REQUIRED WORK -
Each line of the records that holds "wearing" should be shown in full.

[[ RECORDS SUPPLIED, beginning ]]

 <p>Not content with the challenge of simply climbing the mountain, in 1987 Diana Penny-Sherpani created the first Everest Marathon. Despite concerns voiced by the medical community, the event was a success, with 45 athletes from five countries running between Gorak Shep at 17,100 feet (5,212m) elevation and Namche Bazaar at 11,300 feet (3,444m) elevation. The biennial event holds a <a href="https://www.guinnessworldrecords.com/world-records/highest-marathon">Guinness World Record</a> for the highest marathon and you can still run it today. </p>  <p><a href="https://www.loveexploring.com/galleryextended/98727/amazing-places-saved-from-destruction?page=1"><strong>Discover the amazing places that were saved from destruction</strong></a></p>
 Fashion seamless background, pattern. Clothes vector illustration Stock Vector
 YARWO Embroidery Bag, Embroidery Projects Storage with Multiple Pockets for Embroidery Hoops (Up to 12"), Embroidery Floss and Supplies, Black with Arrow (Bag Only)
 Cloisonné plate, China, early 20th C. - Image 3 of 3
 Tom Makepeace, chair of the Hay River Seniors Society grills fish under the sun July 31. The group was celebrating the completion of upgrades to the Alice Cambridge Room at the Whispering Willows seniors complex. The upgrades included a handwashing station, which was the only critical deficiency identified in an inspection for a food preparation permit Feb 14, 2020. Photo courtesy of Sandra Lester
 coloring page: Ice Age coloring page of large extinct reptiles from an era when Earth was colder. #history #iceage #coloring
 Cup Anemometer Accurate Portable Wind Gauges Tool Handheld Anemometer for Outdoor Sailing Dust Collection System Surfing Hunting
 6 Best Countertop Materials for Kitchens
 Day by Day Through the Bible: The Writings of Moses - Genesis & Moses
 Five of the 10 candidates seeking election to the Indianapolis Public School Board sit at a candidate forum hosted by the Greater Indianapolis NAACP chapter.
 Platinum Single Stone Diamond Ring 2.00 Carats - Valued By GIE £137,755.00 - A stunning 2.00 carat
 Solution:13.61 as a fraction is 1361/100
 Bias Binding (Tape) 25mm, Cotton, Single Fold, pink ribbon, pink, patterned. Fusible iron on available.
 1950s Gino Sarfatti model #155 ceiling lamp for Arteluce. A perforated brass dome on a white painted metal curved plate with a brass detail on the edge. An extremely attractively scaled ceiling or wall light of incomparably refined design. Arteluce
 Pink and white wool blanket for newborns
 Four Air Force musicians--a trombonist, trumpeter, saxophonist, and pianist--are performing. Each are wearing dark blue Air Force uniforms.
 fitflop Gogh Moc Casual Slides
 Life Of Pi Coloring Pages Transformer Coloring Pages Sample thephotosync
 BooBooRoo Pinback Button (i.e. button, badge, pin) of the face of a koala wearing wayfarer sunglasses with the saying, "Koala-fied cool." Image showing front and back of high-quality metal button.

[[ RECORDS SUPPLIED, end ]]

RESULT OF THE TASK -
 Four Air Force musicians--a trombonist, trumpeter, saxophonist, and pianist--are performing. Each are wearing dark blue Air Force uniforms.
 BooBooRoo Pinback Button (i.e. button, badge, pin) of the face of a koala wearing wayfarer sunglasses with the saying, "Koala-fied cool." Image showing front and back of high-quality metal button.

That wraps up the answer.